Here is a block of entries. Write out its lines exactly, from the first through the one containing "Tong's Mondo poster".
Content starts
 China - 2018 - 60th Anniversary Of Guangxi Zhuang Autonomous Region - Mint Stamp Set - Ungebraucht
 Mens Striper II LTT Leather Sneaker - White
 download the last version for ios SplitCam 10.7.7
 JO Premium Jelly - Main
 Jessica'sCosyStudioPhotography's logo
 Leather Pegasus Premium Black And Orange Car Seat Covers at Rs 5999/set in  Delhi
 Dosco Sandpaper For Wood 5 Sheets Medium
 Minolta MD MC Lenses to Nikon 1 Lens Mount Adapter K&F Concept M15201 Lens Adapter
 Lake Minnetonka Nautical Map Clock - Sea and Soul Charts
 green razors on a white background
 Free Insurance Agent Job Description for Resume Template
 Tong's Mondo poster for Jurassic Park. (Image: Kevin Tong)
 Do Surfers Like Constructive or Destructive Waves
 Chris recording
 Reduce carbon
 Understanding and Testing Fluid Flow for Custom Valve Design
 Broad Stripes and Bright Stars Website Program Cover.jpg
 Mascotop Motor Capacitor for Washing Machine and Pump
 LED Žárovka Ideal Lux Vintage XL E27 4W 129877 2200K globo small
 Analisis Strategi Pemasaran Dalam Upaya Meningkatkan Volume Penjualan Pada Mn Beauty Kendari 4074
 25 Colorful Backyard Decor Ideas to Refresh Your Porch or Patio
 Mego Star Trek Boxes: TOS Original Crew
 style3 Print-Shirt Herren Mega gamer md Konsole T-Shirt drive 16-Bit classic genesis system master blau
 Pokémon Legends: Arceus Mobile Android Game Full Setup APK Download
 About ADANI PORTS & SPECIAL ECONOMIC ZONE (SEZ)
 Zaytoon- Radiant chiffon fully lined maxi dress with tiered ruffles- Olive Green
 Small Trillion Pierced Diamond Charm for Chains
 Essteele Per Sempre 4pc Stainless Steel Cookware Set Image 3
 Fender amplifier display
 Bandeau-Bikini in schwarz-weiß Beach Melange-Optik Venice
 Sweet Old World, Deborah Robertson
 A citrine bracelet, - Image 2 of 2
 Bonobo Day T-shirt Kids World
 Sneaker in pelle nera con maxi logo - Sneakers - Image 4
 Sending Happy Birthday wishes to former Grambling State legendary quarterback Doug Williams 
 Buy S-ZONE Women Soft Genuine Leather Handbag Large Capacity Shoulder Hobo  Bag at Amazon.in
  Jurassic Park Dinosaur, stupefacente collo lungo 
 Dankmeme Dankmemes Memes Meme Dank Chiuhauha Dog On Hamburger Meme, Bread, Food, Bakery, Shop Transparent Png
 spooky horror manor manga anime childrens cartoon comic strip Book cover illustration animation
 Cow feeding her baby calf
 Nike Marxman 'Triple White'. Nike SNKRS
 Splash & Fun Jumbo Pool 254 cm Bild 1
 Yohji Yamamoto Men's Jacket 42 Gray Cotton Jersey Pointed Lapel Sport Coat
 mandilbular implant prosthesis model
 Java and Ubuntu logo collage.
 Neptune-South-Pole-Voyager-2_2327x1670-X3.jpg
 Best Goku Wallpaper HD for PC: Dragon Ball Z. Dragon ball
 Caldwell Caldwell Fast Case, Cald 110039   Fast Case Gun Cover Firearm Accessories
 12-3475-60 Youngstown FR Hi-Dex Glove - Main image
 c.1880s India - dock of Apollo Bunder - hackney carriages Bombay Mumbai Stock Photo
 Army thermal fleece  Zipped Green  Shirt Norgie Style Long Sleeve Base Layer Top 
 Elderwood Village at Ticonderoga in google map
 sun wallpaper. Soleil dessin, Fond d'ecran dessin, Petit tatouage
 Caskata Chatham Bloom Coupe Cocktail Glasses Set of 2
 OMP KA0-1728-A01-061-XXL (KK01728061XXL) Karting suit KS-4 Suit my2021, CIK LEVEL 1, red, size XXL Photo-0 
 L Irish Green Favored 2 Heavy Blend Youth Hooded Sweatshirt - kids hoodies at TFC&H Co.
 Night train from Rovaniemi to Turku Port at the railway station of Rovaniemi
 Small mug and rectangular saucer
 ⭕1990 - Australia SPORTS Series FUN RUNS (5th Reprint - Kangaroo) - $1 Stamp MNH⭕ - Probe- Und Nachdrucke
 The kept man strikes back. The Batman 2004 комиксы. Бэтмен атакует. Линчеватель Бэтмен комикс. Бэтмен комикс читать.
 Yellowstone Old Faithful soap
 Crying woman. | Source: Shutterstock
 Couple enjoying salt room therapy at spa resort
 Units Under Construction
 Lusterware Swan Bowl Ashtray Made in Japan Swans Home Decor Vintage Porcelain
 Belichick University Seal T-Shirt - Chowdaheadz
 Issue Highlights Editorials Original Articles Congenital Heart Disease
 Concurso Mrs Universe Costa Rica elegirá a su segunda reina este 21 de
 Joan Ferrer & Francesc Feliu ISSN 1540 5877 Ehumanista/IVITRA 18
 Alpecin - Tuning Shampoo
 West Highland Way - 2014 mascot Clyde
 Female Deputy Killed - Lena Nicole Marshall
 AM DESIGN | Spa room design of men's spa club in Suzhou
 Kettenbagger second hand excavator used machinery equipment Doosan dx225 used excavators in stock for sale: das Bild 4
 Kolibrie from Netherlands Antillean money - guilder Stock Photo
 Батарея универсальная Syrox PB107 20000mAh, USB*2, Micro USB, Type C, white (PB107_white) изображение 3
Content ends
▶ [SOLUTION]
 China - 2018 - 60th Anniversary Of Guangxi Zhuang Autonomous Region - Mint Stamp Set - Ungebraucht
 Mens Striper II LTT Leather Sneaker - White
 download the last version for ios SplitCam 10.7.7
 JO Premium Jelly - Main
 Jessica'sCosyStudioPhotography's logo
 Leather Pegasus Premium Black And Orange Car Seat Covers at Rs 5999/set in  Delhi
 Dosco Sandpaper For Wood 5 Sheets Medium
 Minolta MD MC Lenses to Nikon 1 Lens Mount Adapter K&F Concept M15201 Lens Adapter
 Lake Minnetonka Nautical Map Clock - Sea and Soul Charts
 green razors on a white background
 Free Insurance Agent Job Description for Resume Template
 Tong's Mondo poster for Jurassic Park. (Image: Kevin Tong)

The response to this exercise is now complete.